*Data section*:
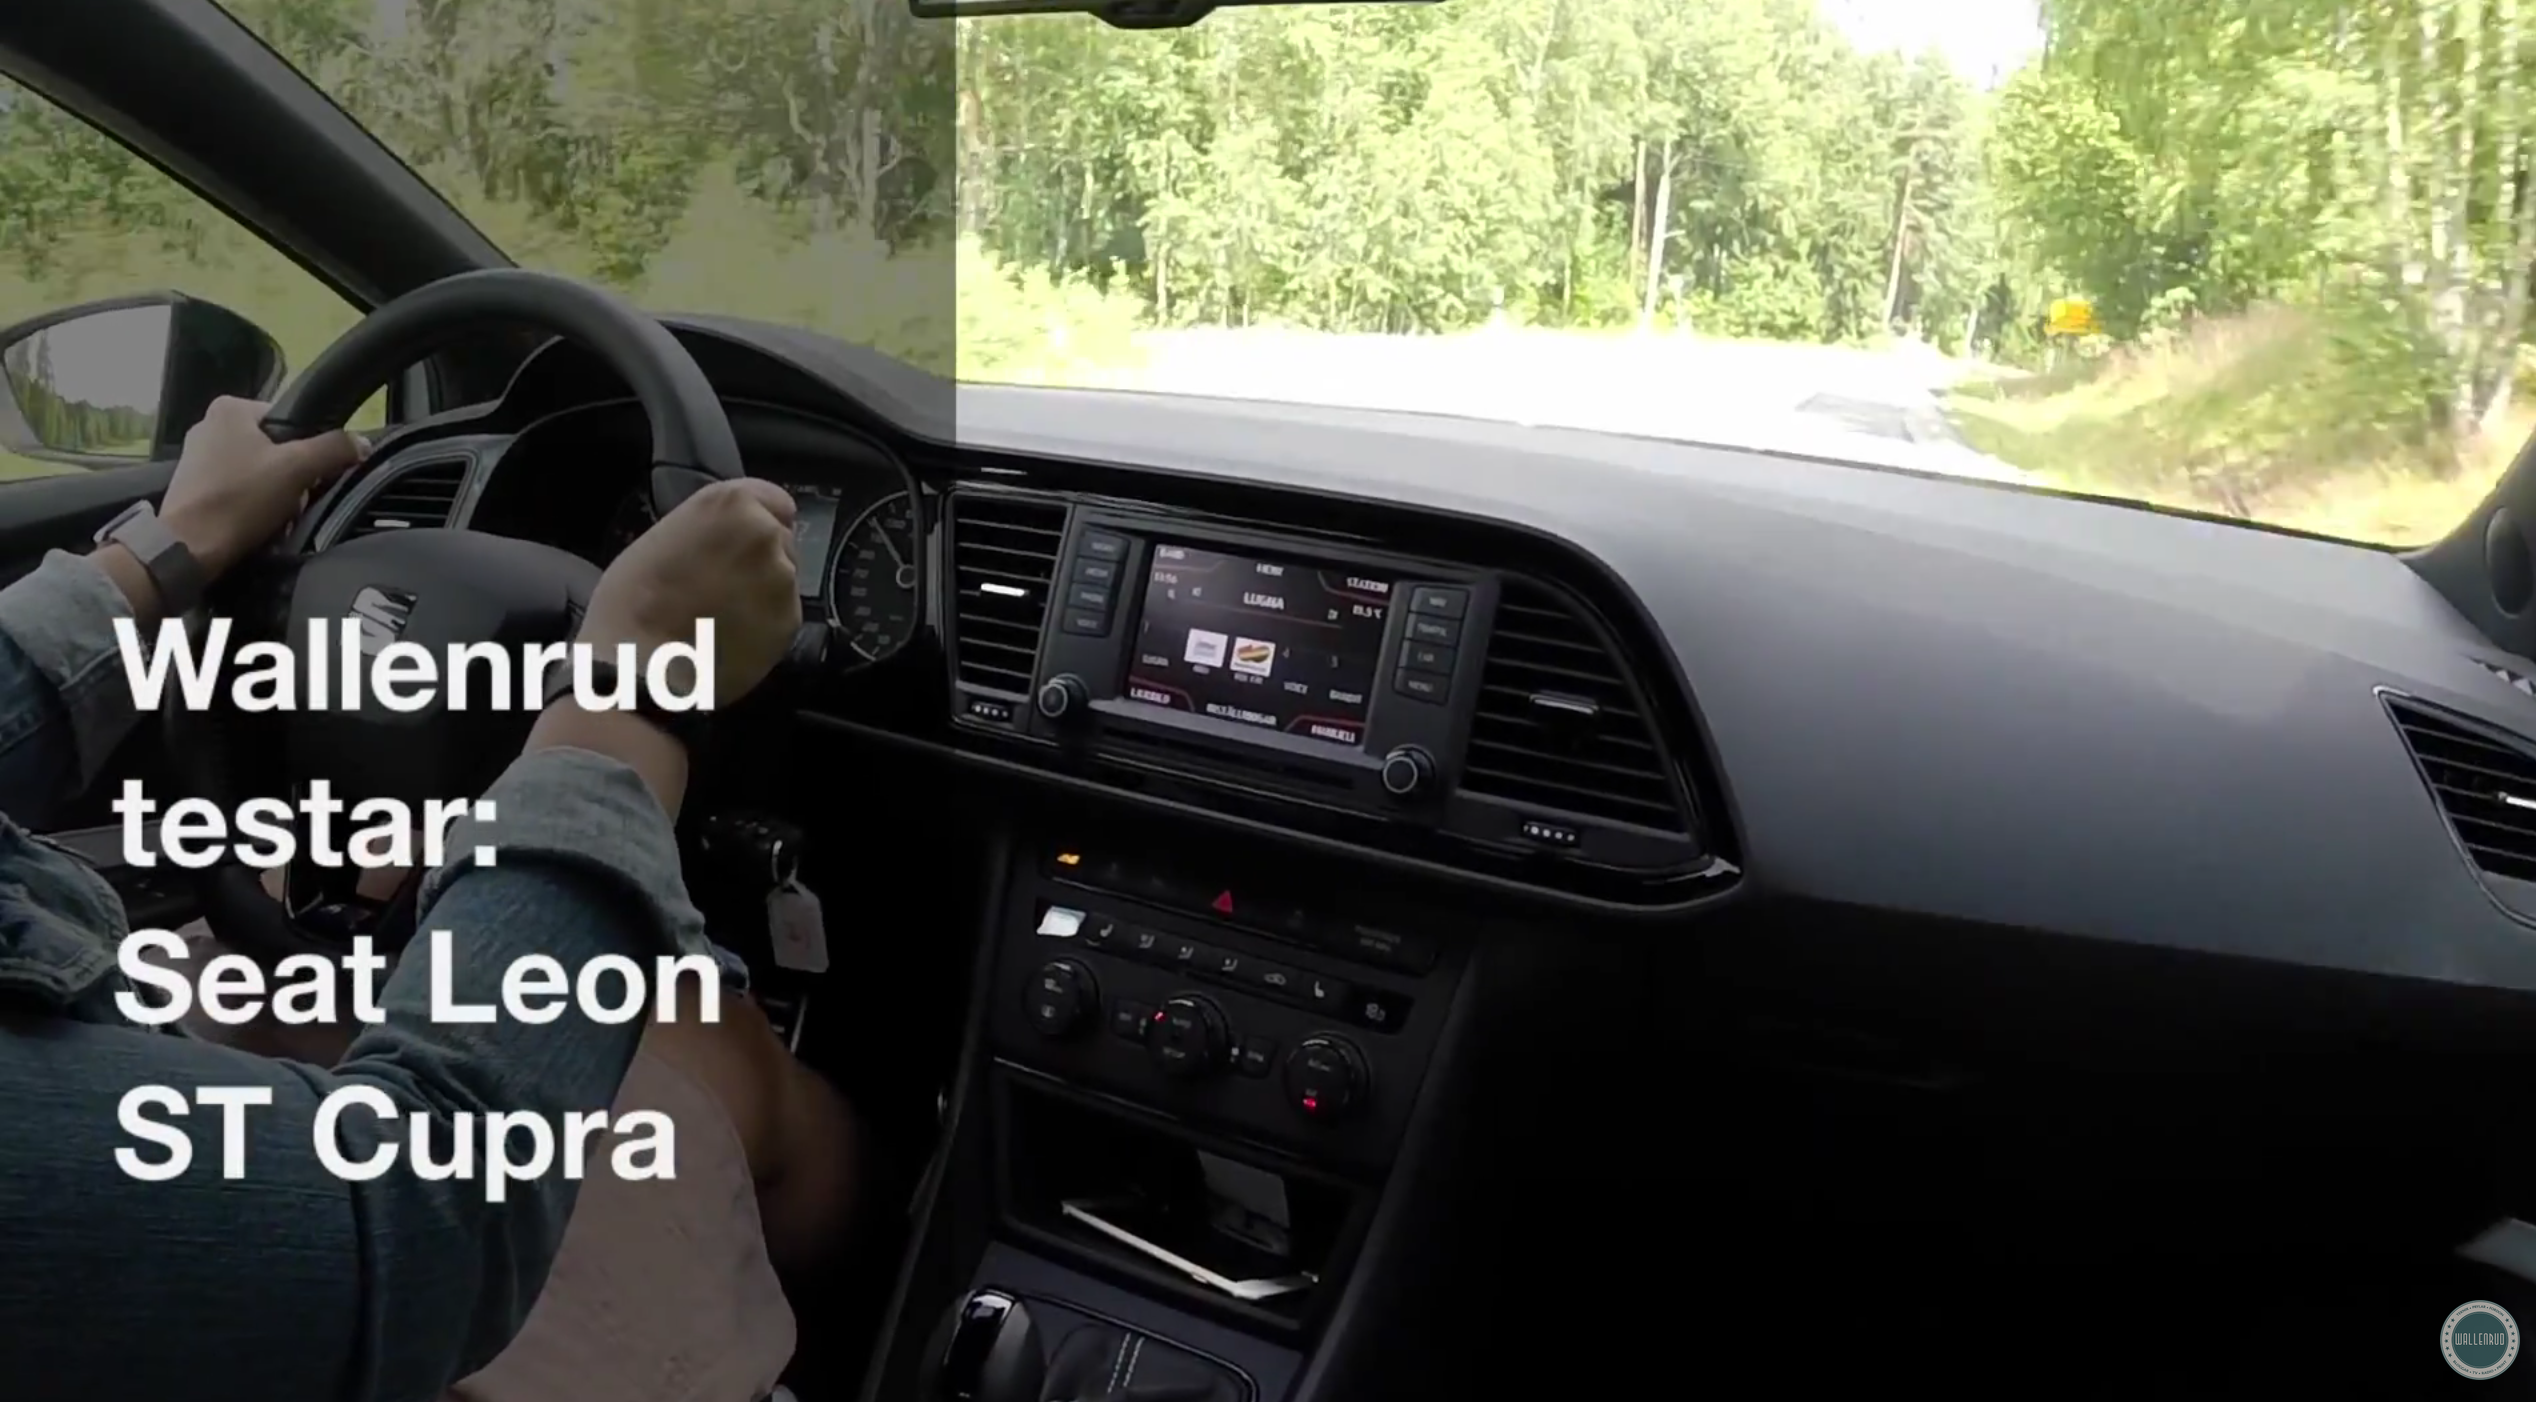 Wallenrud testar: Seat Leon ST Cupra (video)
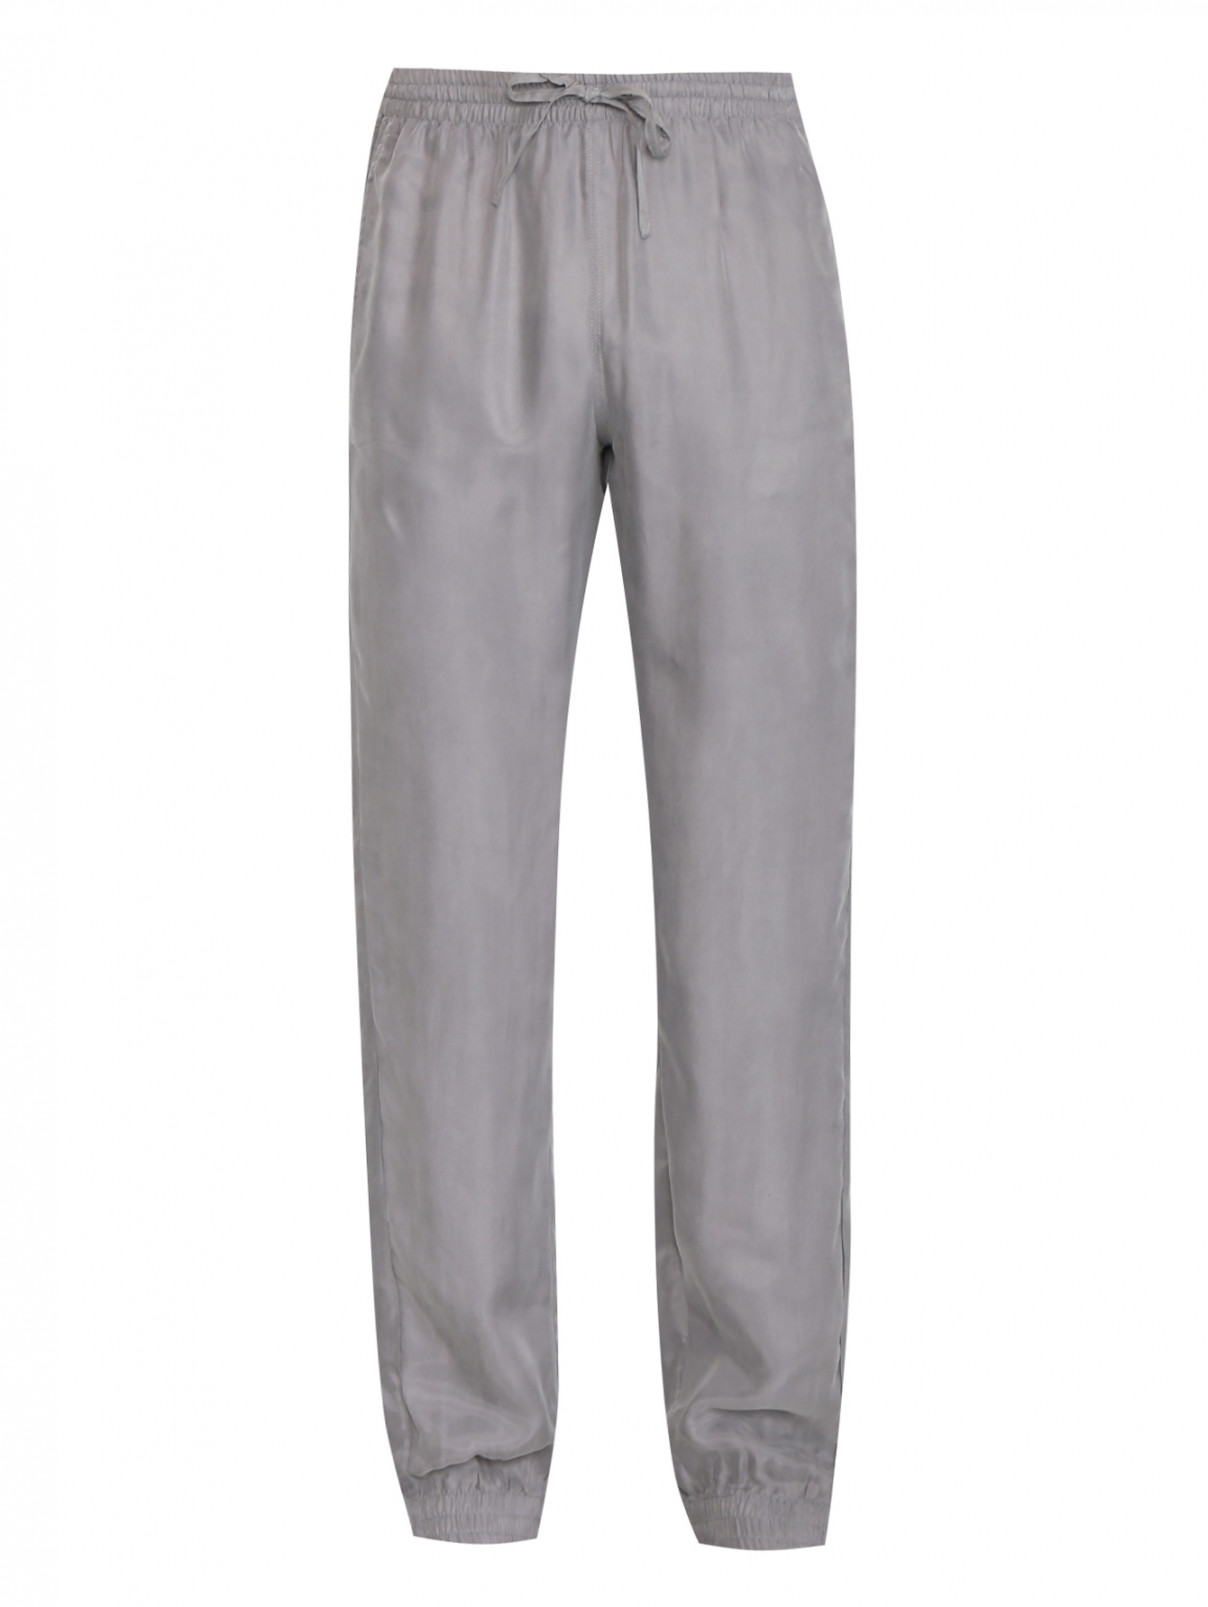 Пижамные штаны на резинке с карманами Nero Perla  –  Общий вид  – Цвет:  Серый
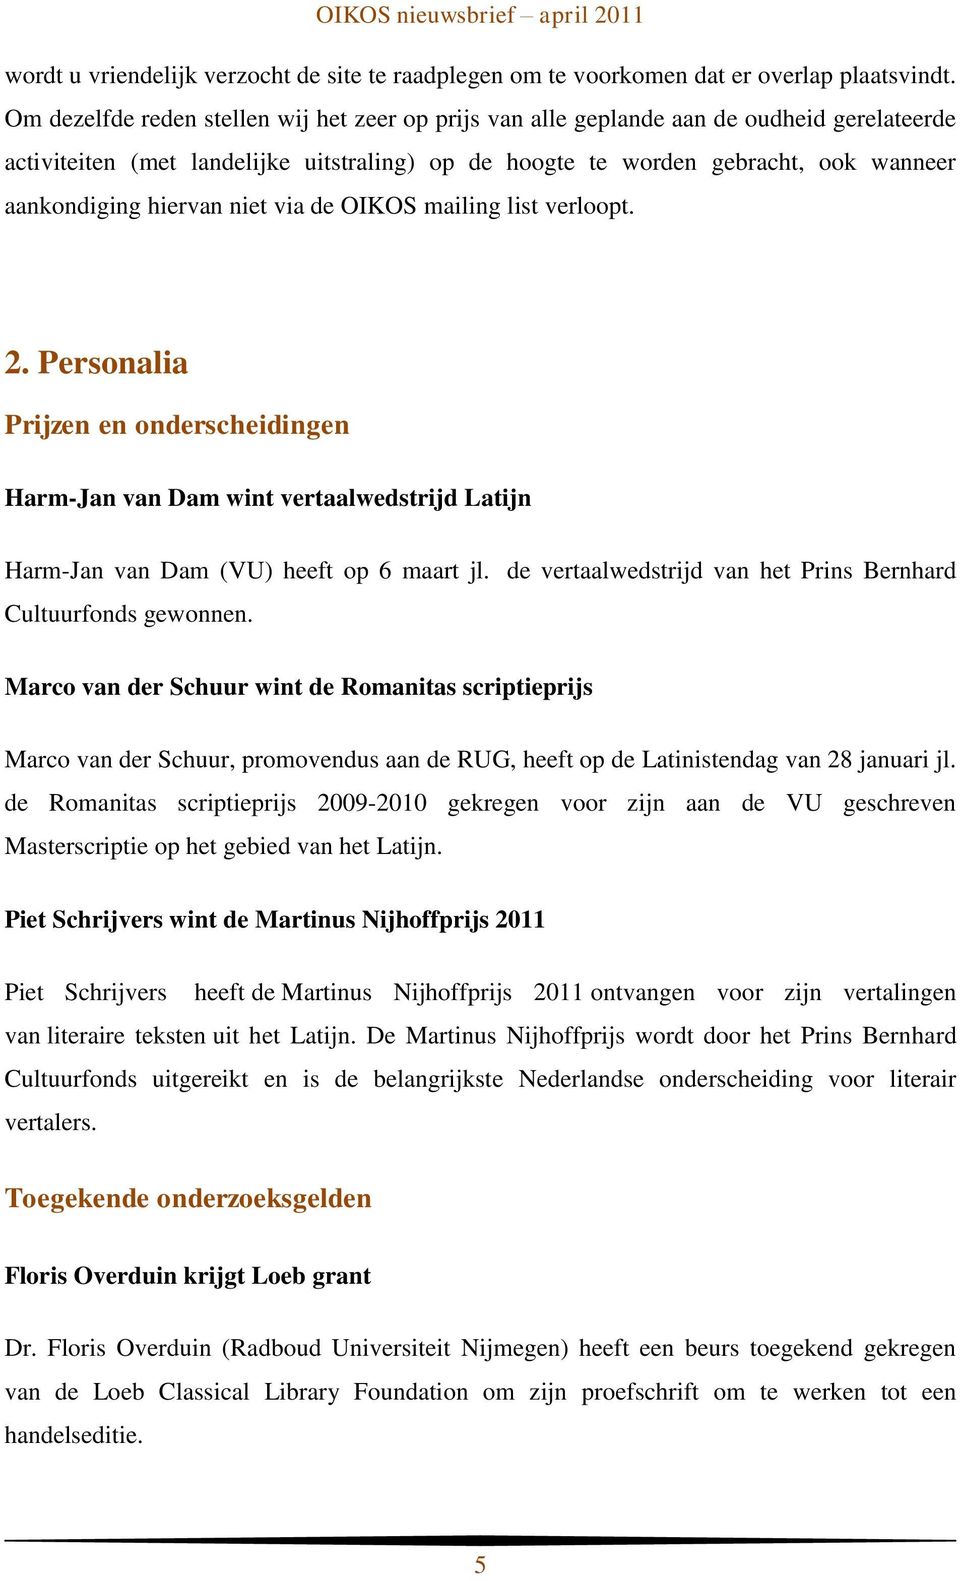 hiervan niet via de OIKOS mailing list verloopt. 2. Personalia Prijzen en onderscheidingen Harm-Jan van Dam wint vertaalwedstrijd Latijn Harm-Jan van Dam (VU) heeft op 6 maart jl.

*Work task*:
Return every line above word for word, minus images.

*Answer box*:
 Wallenrud testar: Seat Leon ST Cupra (video)
 Пижамные штаны на резинке с карманами Nero Perla  –  Общий вид  – Цвет:  Серый
 hiervan niet via de OIKOS mailing list verloopt. 2. Personalia Prijzen en onderscheidingen Harm-Jan van Dam wint vertaalwedstrijd Latijn Harm-Jan van Dam (VU) heeft op 6 maart jl.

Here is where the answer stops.